Hunting bats adjust their echolocation to receive weak prey echoes for clutter reduction

Abstract

How animals extract information from their surroundings to guide motor patterns is central to their survival. Here, we use echo-recording tags to show how wild hunting bats adjust their sensory strategies to their prey and natural environment. When searching, bats maximize the chances of detecting small prey by using large sensory volumes. During prey pursuit, they trade spatial for temporal information by reducing sensory volumes while increasing update rate and redundancy of their sensory scenes. These adjustments lead to very weak prey echoes that bats protect from interference by segregating prey sensory streams from the background using a combination of fast-acting sensory and motor strategies. Counterintuitively, these weak sensory scenes allow bats to be efficient hunters close to background clutter broadening the niches available to hunt for insects.

Fig. 1. Bats adjust their vocalizations to receive unmasked prey echoes from gradually smaller sensory volumes to guide prey capture.

(A) During the chase, the bat reduces the outgoing energy (colored dots) of its calls by ~40 dB and increases call repetition rate. Returning prey echoes (black) are very weak and cover a dynamic range of ~20 dB. Wingbeats (gray line) were derived from oscillations in the body acceleration. (B) The estimated target strength (TS) of the prey insect fluctuates between −30 and −20 dB at 0.1 m. The fast fluctuations in TS and EL at the end of the chase (green dashed box) are probably caused by wingbeats from the prey. (C) The measured range of the bat to the prey is shorter than the estimated maximum range over which the bat can hear the insect (dashed black lines). The sensory volumes of each call decrease during the capture (gray lines). (D) The echogram visualizes the sensory scene during the capture. Here, the prey echo stream consisting of ~35 echoes is clearly visible during the entire last second of the chase. The bat approaches the insect with a constant speed of 1.8 m/s in an open environment, as no clutter echoes are recorded by the tag. The dashed black lines mark the zone between two consecutive calls where the bat listens for returning echoes, i.e., the overlap free zone. (E) The dead-reckoned track (black line) and the calculated sensory volumes [colored shapes marking the three phases from (A): search, approach, and buzz] show how the bat maneuvers and adjusts its sensory volume to capture the insect (movie S2).

Fig. 2. Bats switch from a deliberate to a reactive sensorimotor mode upon prey detection.

(A to E) Bats actively adjust their biosonar parameters to different targets (i.e., prey or large background structures such as a tree) (A and B) to regulate the detection distance (C), sensory volume (D), and spatial redundancy (E) during commuting flight and three stages of aerial capture. (F) The sensory-to-motor range ratio is the relationship between the detection range (C) and reaction range of the bats using a reaction time of 100 ms (solid violins) or 200 ms (black outline violins). All plots depict the k means distribution (shaded area) and means (stars) of the data. n = 10 bats, 121 captures (4 to 15 random prey captures per individual to balance the study because the individual bats attack prey between 4 and 103 times per night), 4562 foraging calls, and 4092 commuting calls.

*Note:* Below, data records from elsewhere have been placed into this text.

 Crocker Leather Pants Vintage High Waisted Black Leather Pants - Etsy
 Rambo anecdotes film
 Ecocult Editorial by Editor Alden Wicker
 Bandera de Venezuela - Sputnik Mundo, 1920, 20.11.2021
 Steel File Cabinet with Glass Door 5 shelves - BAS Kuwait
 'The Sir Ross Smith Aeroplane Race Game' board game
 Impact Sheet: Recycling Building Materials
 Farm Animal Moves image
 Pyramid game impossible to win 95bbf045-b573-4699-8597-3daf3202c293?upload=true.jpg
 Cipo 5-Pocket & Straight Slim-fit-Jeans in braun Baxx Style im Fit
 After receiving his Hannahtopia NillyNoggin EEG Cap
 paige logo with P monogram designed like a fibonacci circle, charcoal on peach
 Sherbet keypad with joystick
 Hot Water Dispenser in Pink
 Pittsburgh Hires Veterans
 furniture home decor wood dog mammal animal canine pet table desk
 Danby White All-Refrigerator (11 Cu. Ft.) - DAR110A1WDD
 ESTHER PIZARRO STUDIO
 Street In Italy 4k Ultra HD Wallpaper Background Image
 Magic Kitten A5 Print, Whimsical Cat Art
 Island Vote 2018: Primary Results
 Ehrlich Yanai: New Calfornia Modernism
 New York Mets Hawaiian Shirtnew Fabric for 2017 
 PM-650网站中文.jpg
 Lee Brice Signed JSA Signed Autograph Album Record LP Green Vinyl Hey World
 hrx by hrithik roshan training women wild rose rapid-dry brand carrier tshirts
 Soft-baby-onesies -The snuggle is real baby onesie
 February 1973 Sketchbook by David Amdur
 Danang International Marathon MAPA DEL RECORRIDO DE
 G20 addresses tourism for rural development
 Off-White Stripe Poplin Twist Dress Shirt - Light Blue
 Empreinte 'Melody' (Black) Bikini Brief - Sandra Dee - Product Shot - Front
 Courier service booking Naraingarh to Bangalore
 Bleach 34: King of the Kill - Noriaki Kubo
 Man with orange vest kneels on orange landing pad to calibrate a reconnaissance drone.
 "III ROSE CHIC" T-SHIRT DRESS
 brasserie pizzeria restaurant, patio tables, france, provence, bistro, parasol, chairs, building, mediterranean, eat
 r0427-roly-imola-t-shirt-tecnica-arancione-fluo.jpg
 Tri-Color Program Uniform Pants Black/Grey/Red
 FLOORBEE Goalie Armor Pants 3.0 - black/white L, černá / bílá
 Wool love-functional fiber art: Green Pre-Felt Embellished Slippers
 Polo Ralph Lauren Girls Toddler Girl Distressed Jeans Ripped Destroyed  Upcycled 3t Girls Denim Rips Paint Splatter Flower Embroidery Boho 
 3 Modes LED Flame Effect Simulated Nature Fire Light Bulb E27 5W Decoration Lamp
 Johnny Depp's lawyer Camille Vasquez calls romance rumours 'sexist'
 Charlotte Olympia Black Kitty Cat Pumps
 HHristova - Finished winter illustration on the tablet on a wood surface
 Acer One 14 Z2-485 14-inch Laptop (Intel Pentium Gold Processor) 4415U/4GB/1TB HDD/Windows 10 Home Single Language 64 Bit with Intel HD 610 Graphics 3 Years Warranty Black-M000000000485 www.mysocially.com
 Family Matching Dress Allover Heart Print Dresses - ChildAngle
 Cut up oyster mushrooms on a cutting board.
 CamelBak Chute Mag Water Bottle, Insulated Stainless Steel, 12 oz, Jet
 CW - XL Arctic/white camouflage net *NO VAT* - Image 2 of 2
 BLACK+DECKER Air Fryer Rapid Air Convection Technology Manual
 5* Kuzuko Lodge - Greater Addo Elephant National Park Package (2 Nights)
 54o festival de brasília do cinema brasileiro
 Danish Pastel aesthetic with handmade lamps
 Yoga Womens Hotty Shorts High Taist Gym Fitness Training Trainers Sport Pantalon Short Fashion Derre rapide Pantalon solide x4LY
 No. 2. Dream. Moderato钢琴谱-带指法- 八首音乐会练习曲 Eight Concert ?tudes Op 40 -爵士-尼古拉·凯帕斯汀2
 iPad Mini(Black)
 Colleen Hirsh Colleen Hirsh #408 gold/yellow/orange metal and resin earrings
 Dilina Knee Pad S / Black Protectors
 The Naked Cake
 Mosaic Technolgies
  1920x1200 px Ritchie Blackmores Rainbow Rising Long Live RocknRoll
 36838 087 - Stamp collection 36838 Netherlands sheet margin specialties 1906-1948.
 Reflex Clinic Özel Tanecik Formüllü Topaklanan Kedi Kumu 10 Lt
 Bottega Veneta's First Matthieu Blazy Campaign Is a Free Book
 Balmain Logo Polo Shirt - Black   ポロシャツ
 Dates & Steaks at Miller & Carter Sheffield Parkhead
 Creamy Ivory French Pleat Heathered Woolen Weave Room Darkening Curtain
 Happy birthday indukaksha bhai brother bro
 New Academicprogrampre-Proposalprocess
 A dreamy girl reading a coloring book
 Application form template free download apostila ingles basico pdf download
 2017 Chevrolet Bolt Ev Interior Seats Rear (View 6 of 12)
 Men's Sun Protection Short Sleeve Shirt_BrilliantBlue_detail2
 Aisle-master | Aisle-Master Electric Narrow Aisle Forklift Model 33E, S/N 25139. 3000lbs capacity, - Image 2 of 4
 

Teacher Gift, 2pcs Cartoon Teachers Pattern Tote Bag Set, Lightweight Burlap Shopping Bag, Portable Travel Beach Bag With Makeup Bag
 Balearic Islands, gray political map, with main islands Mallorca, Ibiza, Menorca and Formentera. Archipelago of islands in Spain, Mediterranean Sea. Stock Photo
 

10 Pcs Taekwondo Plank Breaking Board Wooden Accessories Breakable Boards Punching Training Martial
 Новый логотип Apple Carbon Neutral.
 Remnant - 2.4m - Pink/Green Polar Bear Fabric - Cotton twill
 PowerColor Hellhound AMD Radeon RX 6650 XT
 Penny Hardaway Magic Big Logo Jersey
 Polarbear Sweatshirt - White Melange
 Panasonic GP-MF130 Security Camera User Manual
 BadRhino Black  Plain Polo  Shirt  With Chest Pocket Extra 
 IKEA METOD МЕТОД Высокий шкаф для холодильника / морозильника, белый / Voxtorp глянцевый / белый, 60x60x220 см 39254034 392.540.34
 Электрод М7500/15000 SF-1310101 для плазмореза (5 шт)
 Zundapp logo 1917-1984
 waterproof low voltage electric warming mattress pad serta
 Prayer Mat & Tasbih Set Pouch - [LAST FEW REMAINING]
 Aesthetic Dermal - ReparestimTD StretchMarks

Fig. 3. Hunting bats actively generate weak prey echoes from a large range of prey items.

(A and B) Estimated TSs of aerial prey vary over a dynamic range of approximately 30 dB. (C and D) Source levels (gray) and prey echo levels (black) change as bats approach their target. (A to C) n = 1387 calls, 204 captures with visible prey echoes. (D) n = 10 bats; 43 recording hours; 1,200,368 calls; 1387 echoes. (E) Distribution of the slope for the distance-dependent change in source level (gray) and received echo level (black). Source levels followed a logarithmic fit to target range with a slope of 29 dB (±11 SD; R² = 0.79); echo levels followed a slope of −10 dB (±10 SD; R² = 0.35). n = 123 captures. This means that call source levels reduce by an average of 8.7 dB [i.e., 29*log₁₀(2)] per halving of distance while echo levels tend to increase by 3 dB over the same distance.

Fig. 4. Bats separate prey and clutter echo streams by acoustic gaze and motor pattern adjustments.

(A) The durations of the current call and the following call determine the inner (gray) and outer (purple) window, which together determine the overlap-free perceptual zone. The echo streams of prey (colored dots) and clutter (colored lines, according to each individually tagged bat; the black line depicts mean clutter distance) are located within the overlap-free zone. Histograms on the right axis show that prey and clutter echoes are spatially separated. (B) Timing of the disappearance of clutter from the auditory scenes (gray) and the maximum change in the flight path (red). The bats approach their prey with flexible nonstereotypic flight patterns, as their maximum change in flight paths span a large time scale (~2 s).